### What to do
Copying rule for the data below: pictures stay out, and only the lines from the one with "Sen Soy Рисовая" down to the one with "50116-950-A49 Sweatshirt mit", inclusive, are repeated exactly.

### Records

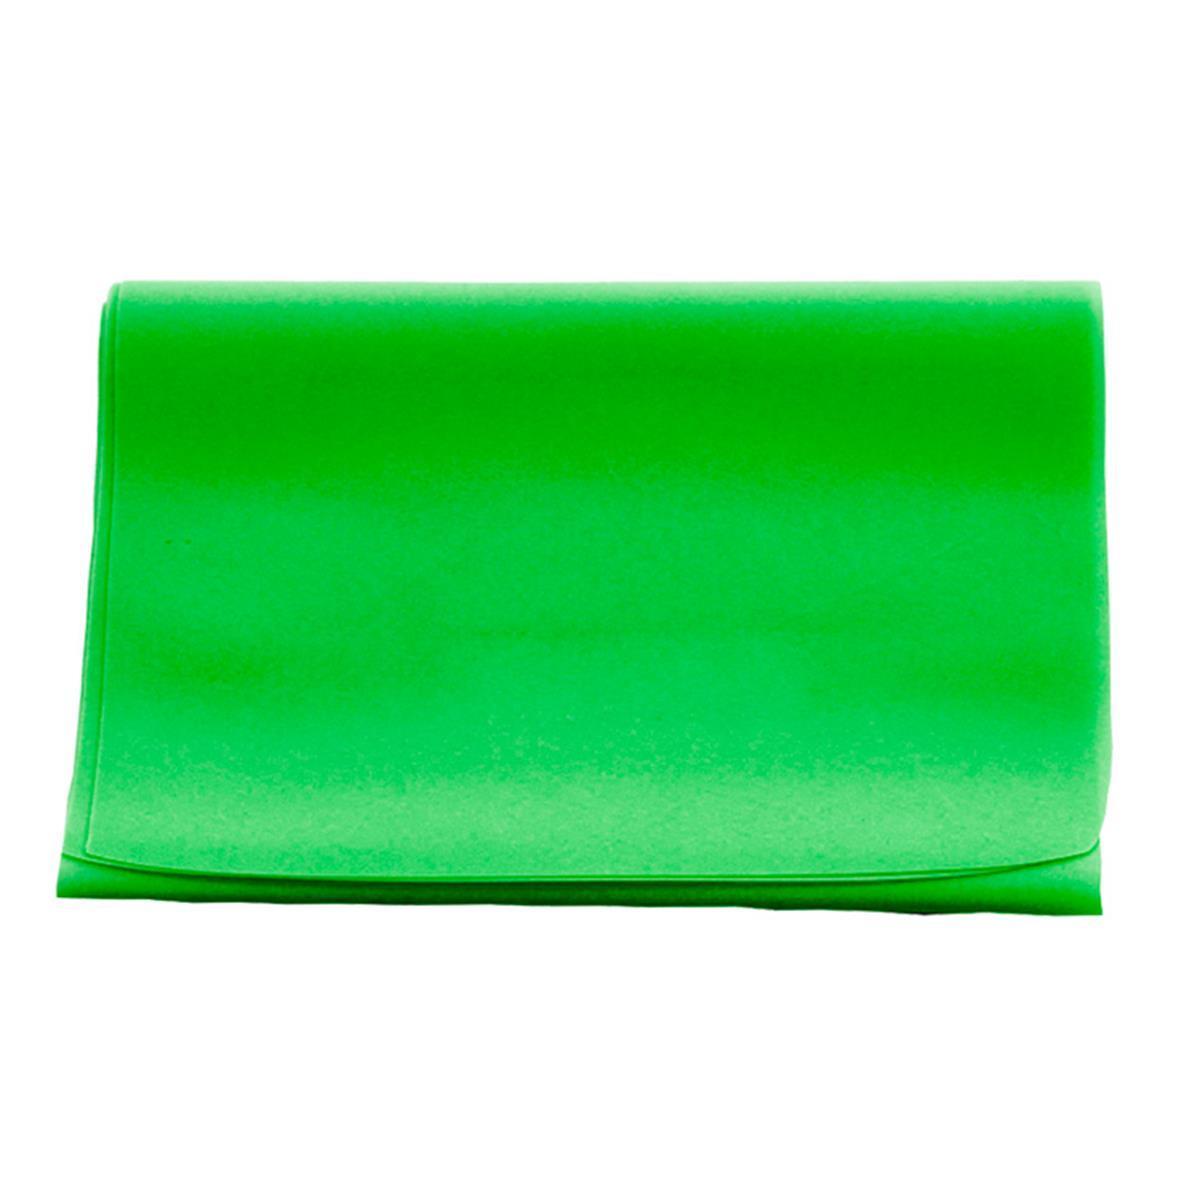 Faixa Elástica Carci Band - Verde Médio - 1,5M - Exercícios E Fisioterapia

* * *

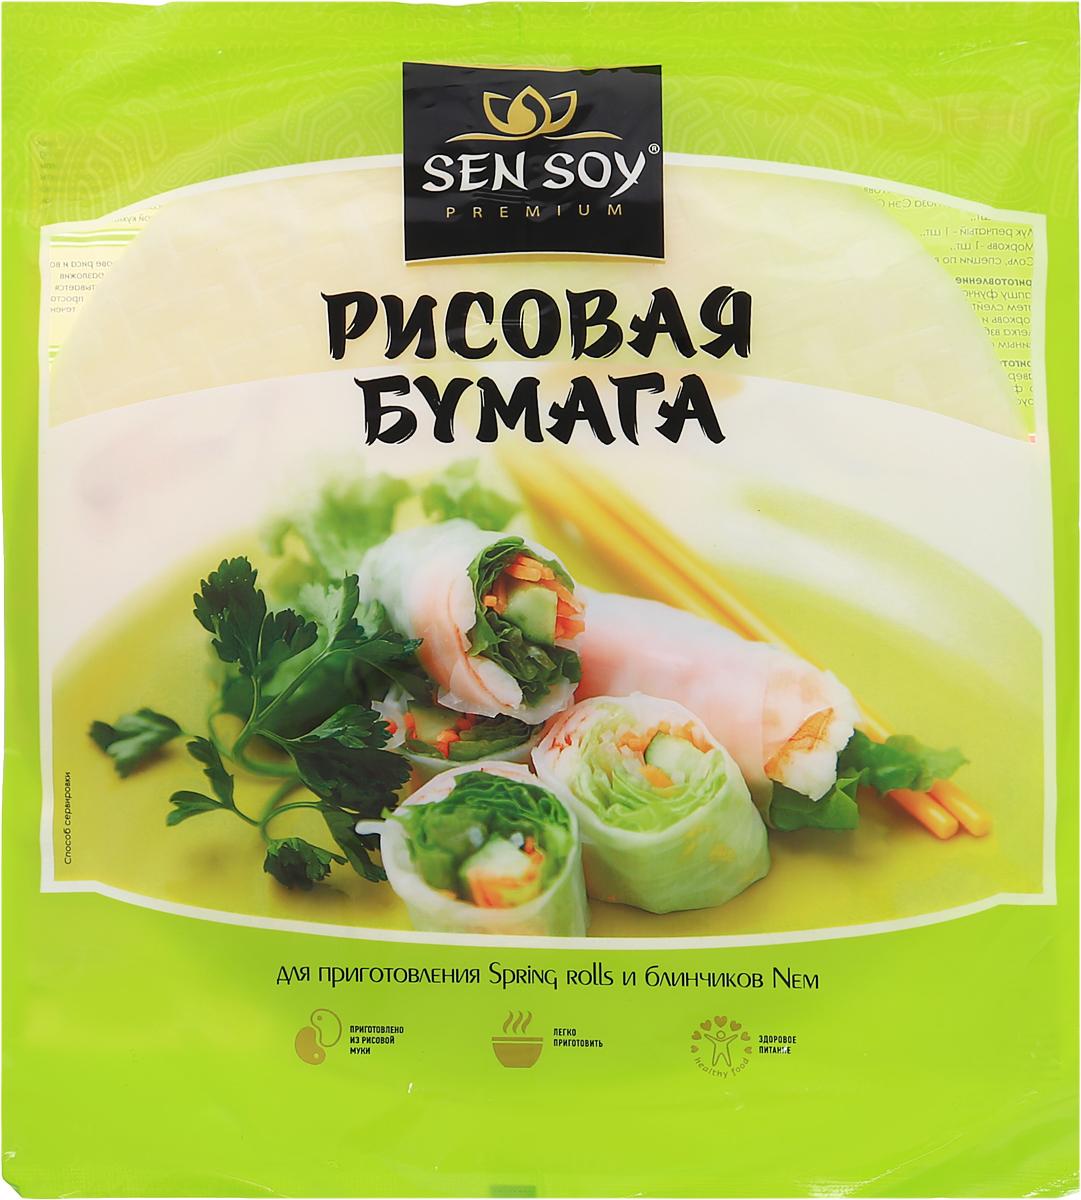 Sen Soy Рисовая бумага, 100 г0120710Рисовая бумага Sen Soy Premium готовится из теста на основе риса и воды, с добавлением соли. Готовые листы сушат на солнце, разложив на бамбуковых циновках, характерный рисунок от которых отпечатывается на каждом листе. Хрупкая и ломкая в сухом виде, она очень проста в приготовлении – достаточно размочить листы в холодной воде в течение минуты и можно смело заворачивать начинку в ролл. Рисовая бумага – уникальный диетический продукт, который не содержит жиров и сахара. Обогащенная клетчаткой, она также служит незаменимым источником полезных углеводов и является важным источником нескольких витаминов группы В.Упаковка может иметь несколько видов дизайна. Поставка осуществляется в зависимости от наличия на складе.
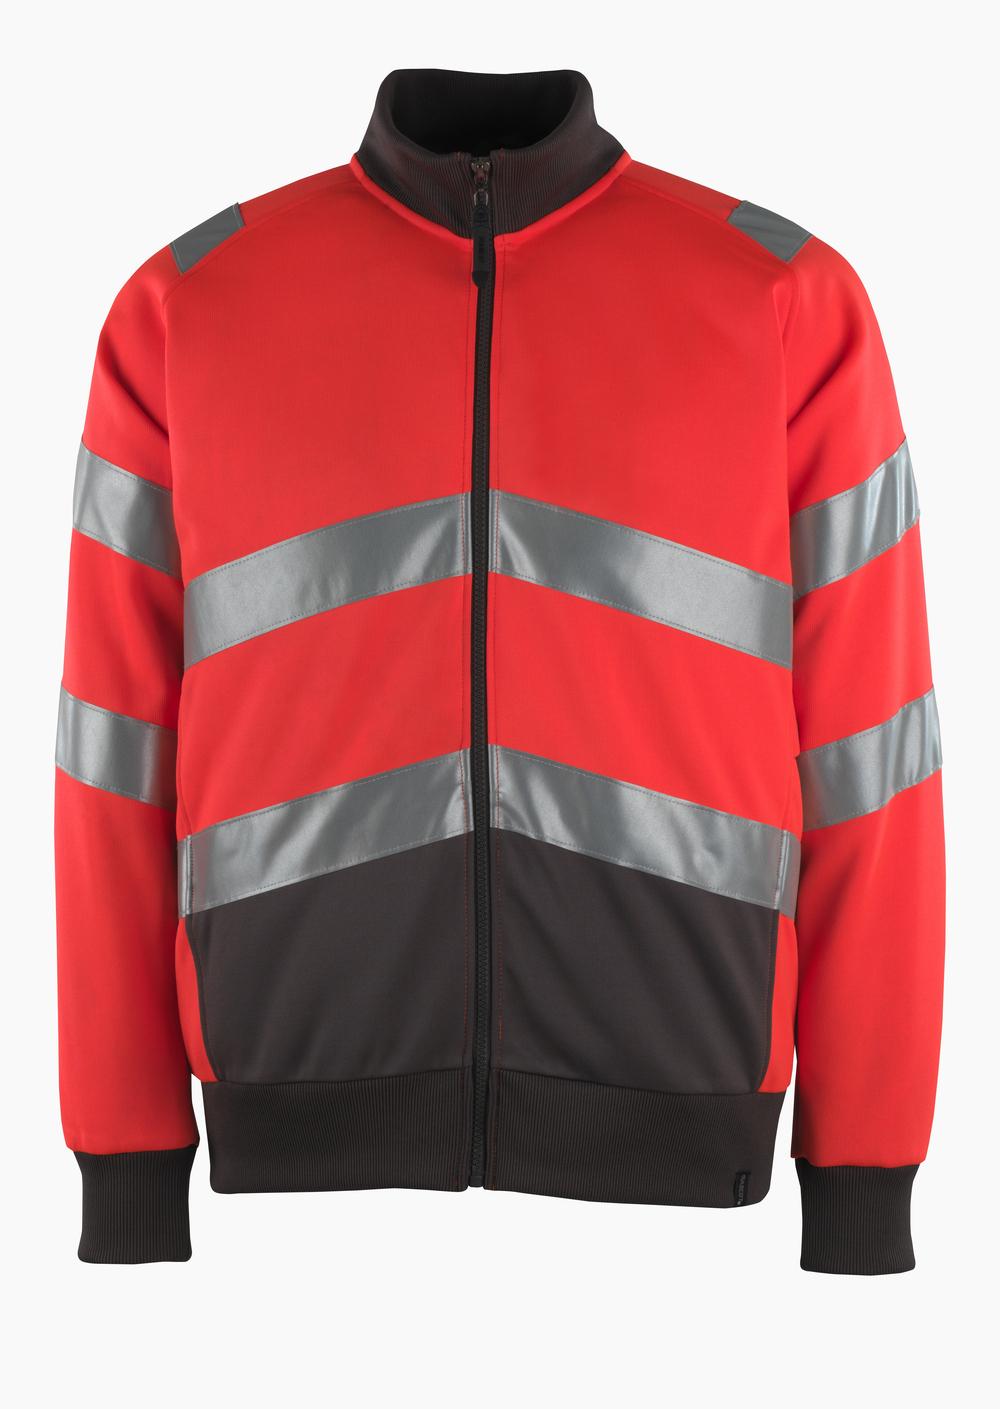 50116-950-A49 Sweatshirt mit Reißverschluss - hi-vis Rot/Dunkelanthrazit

* * *

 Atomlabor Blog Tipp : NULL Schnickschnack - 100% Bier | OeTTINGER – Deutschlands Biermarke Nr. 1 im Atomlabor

### Exercise answer
 Sen Soy Рисовая бумага, 100 г0120710Рисовая бумага Sen Soy Premium готовится из теста на основе риса и воды, с добавлением соли. Готовые листы сушат на солнце, разложив на бамбуковых циновках, характерный рисунок от которых отпечатывается на каждом листе. Хрупкая и ломкая в сухом виде, она очень проста в приготовлении – достаточно размочить листы в холодной воде в течение минуты и можно смело заворачивать начинку в ролл. Рисовая бумага – уникальный диетический продукт, который не содержит жиров и сахара. Обогащенная клетчаткой, она также служит незаменимым источником полезных углеводов и является важным источником нескольких витаминов группы В.Упаковка может иметь несколько видов дизайна. Поставка осуществляется в зависимости от наличия на складе.
 50116-950-A49 Sweatshirt mit Reißverschluss - hi-vis Rot/Dunkelanthrazit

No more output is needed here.